We can verify that the deploy failed with the command below.

stack@undercloud] # heat stack-list
+————————————–+————+—————+—| id | stack_name | stack_status | creation_time |
+————————————–+————+—————+—
| ce993847-b0ee-4ea2-ac15-dc0ddc81825a | overcloud | CREATE_FAILED |
2016-02-29T20:40:54Z |

Since the stack deploy has failed, let’s take a closer look at the stack resources
and see if we can determine which resources failed.

Here we will make things simple by viewing only failed resources.

[stack@undercloud] # heat resource-list overcloud | grep -i failed
| Compute | c032c668-755f-422f-8ad1-4abf46b022ff
| OS::Heat::ResourceGroup | CREATE_FAILED |
2016-02-29T20:40:55Z |
| Controller | 668d27e0-9ab1-4dbe-8445-1d1ee8839265
| OS::Heat::ResourceGroup | CREATE_FAILED |
2016-02-29T20:40:55Z |

The failed resources are named “Compute” and “Controller“. Lets take a closer
look at those using the “resource-show” argument.

#heat resource-show overcloud Compute

| resource_status_reason | ResourceUnknownStatus: Resource failed – Unknown
status FAILED due to “Resource CREATE failed: ResourceUnknownStatus:
Resource failed – Unknown status FAILED due to “Resource CREATE failed:
StackValidationFailed: Property error : OsNetConfigImpl: config The Parameter
(BondInterfaceOvsOptions) was not provided.”” |

Let’s now do the same for Controller.

#heat resource-show overcloud Controller

| resource_status_reason | ResourceUnknownStatus: Resource failed – Unknown
status FAILED due to “Resource CREATE failed: ResourceUnknownStatus:
Resource failed – Unknown status FAILED due to “Resource CREATE failed:
StackValidationFailed: Property error : OsNetConfigImpl: config The Parameter
(BondInterfaceOvsOptions) was not provided.”” |

Apparently I have some issues with my OVS bonding options, so I need to get those straight before I can continue.

Deleting a Failed Heat Stack

Since our last deploy failed, we need to delete the failed stack before we can kick off another stack deploy.

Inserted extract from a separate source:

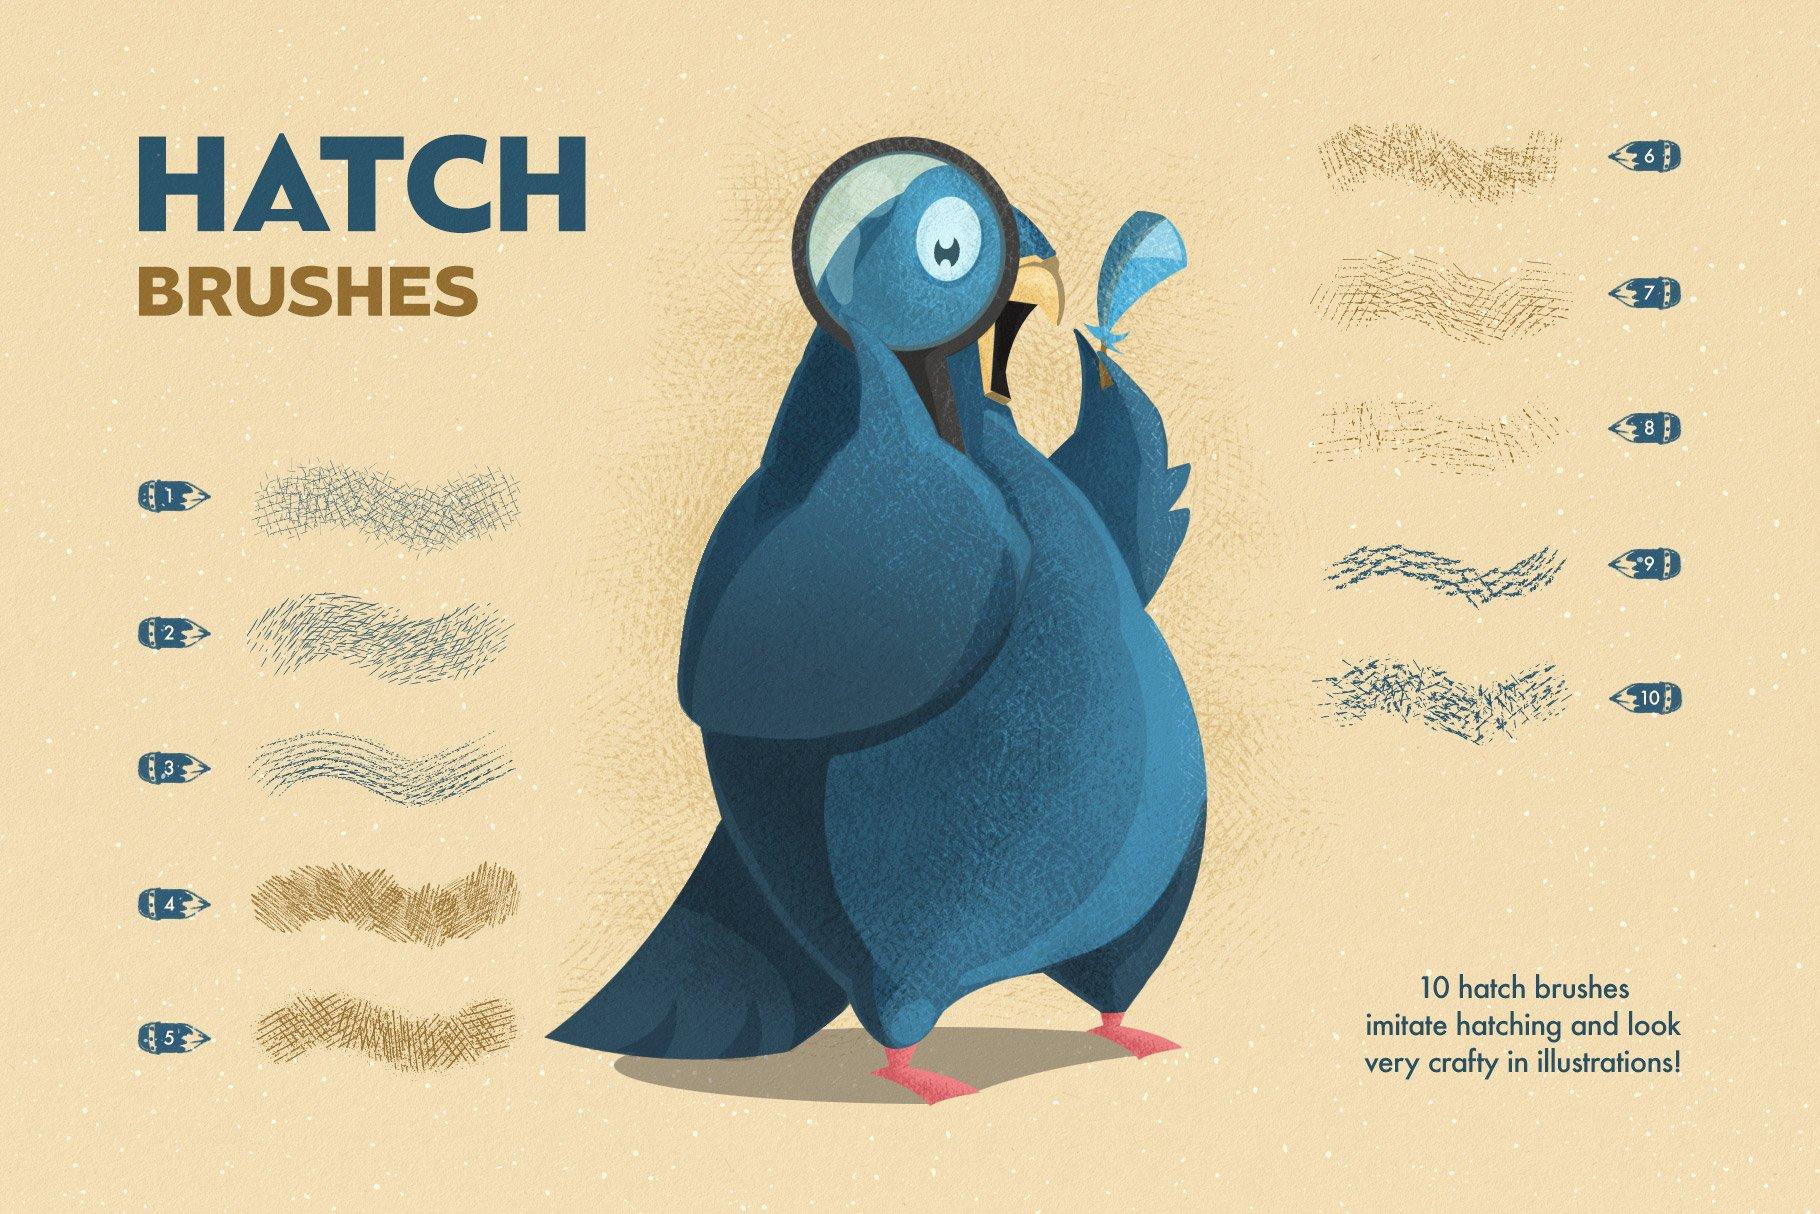 6 hatch brushes 7

Below is an example of that command – note we are using the UUID of the stack.

 

[stack@vz-undercloud] # heat stack-delete 2b0da4f6-e6f8-41cd-89e8-bf070d0e0d15
 +--------------------------------------+------------+-------------------| id | stack_name | stack_status | creation_time |
 +--------------------------------------+------------+-------------------
 | 2b0da4f6-e6f8-41cd-89e8-bf070d0e0d15 | overcloud | DELETE_IN_PROGRESS |
 2016-03-01T17:21:58Z |
 +--------------------------------------+------------+-------------------

then…

[stack@vz-undercloud] # heat stack-list
 +--------------------------------------+------------+---------------+---
 | id | stack_name | stack_status | creation_time |
 +--------------------------------------+------------+---------------+---
 | 2b0da4f6-e6f8-41cd-89e8-bf070d0e0d15 | overcloud | DELETE_FAILED |
 2016-03-01T17:21:58Z |
 +--------------------------------------+------------+---------------+---

Now lets kick off another deploy

#openstack overcloud deploy –debug –templates ~/my_templates/ \
–ntp-server 10.1.0.1 –control-scale 3 –compute-scale 2 \
-e ~/my_templates/advanced-networking.yaml

Unfortunately, this deploy failed as well.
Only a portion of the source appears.